I hear Sesshōmaru approach but I am not scare. There is no reason to be scared. He will not choose me, I am certain. But I am curious as to who he will choose, so I will listen. I'm guessing Yin Guāng, she is pretty, experienced, and she will always inflate his ego with her thousands upon thousands of airy compliments.

"Female," Sesshōmaru said, and that was all. Female was a very broad category, but I knew what he meant. Yin Guāng, as I've already stated. A man such as himself would want a 'female' who knew her way around the bedroom.

"Well there is Yin Guāng," said the slave master. I'm certain he pointed to the native beauty, and I was certain that Sesshōmaru must've been standing their slack-jawed as he stared at her. But then he did what I hadn't expected.

"Is it hard to find females that can actually think and are better than a common whore?" Sesshōmaru asked. I was stunned, and also little frightened. The slave master really didn't specialize in Sesshōmaru's type of slave, and he only one girl that fit that type and of course that was me, little ol' Rin from Nihon. Oh Son of Heaven, in that moment I was hoping to heaven and back that the fact I wasn't from here would deter him from buying me.

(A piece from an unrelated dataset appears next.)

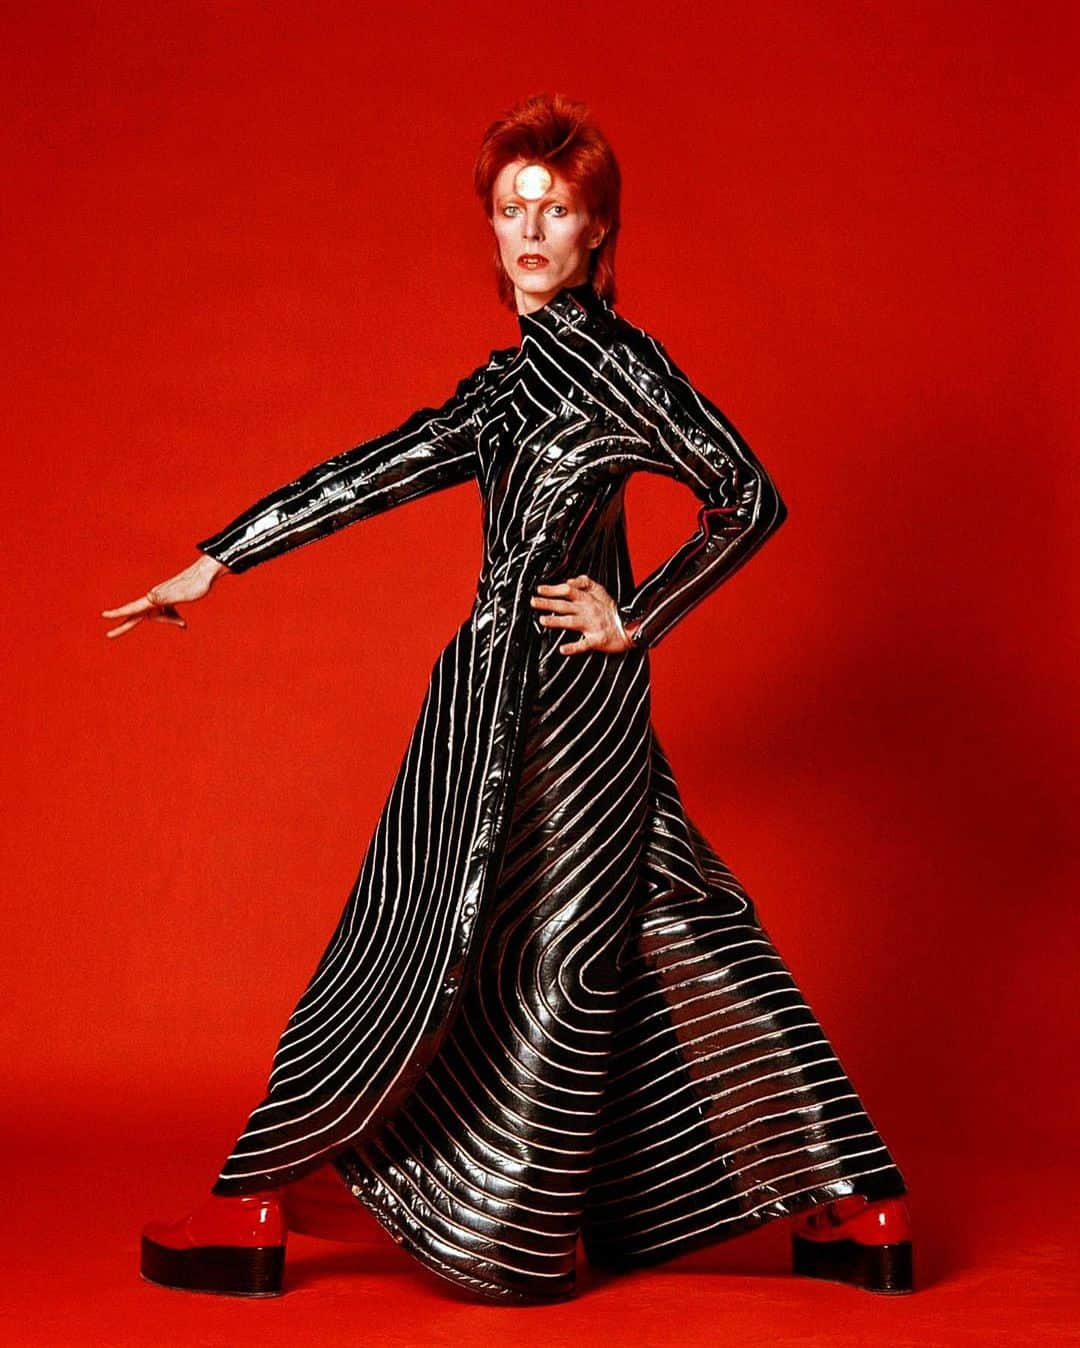 デヴィッド・ボウイさんのインスタグラム写真 - (デヴィッド・ボウイInstagram)「DAILY BOWIE THING – Day 79  “Sake and strange divine…”  On Thursday 5th April 1973, David Bowie and travelling companion, Geoff MacCormack, docked at Yokohama in Japan aboard the SS Oronsay. Slide #1 in our slideshow was taken during a press conference at Imperial Hotel, Tokyo, the following day, as were slides #4 & #10, © Koh Hasebe / Shinko Music Archive.  To coincide with David’s 8-date mini tour of Japan (his first in Japan), RCA issued two promotional albums in the shape of the compilation ROCK 'N' ROLL NOW and Aladdin Sane. They are pictured on slide #2 along with a flier for the Tokyo shows and a press advert.   Brian Ward’s 1972 Ziggy 'Droog' picture was prominent on the albums and in the associated advertising, along with his Ziggy 'hi-kick' photograph which had graced the front of RCA’s 1972 re-issue of The Man Who Sold The World.  Japanese journalists were given a beautiful press kit housed in the paper envelope pictured on slide #3. The kit contained folded versions of the two colour posters (behind David in slide #4), featuring shots taken by Masayoshi Sukita. The two black & white 10x8 promo photos on slide #5 utilising the same shots were also in the press kit.   The live shot from the tour on slide #6 features in Bowie and Sukita’s incredible Speed Of Life book, issued by Genesis Publications in 2012, as does the photo taken in February 1973, at RCA Studios in New York, on slide #7. One of the colour posters also featured a shot from this session.   Slide #8 is the cover of an A4, 28-page, promo booklet included in the press kit. We’re not sure if this was available commercially on the tour too, though there was also a lavish official Japanese colour tour programme. Anybody out there know?   The single-sided leaflet on slide #9 was contained in the kit as were several pages of tour itineraries and other information.   As you've no doubt guessed, this press kit is very rare and just never shows up these days, though the booklet on slide #8 does turn up every now and again.  #DailyBowieThing  #BowiePressKit  #BowiePromoPhotos  #BowieJapan」1月25日 10時04分 - davidbowie

"Well you can have Rin then, seven pieces of a gold is all I need." I could feel the stairs of both Sesshōmaru and the slave master, and I knew where this was headed. Seven pieces of gold and then I was going to a new home to do who knows what. Certainly I wouldn't be kitchen staff, nor cleaning staff. As I've expressed before, I'm not that type of person.

"Six and you have a deal," said Sesshōmaru all matter of fact-like. I rolled my eyes. He was still bargaining! Damn cheapskate, I was worth a hell of a lot more than just seven pieces of gold, especially since I was the one he was looking for and he was still trying to buy me for six.

I didn't want to be bought. I'd much rather remain merchandise for the rest of my life, even if I would never have someone read me a poem or cherish me as my previous master had. It is better than being some whore for some man who spent his days in a drunken stupor, jotting down the thoughts that skittered across his brain. But I know I have no choice here. I am a slave, to be bought and to be used, without freedom to be myself. And though I will not go happily with the man before me, with this man that is trying to buy me for six pieces of gold to spite a mijiu seller for not lowering his prices for him, I know that this evening I shall be settling down in a new place, a slave to this poet.

"You have a deal."

I closed my eyes, the deal was sealed, there was no escape. Resignation to fate was my one option and here I was, taking it.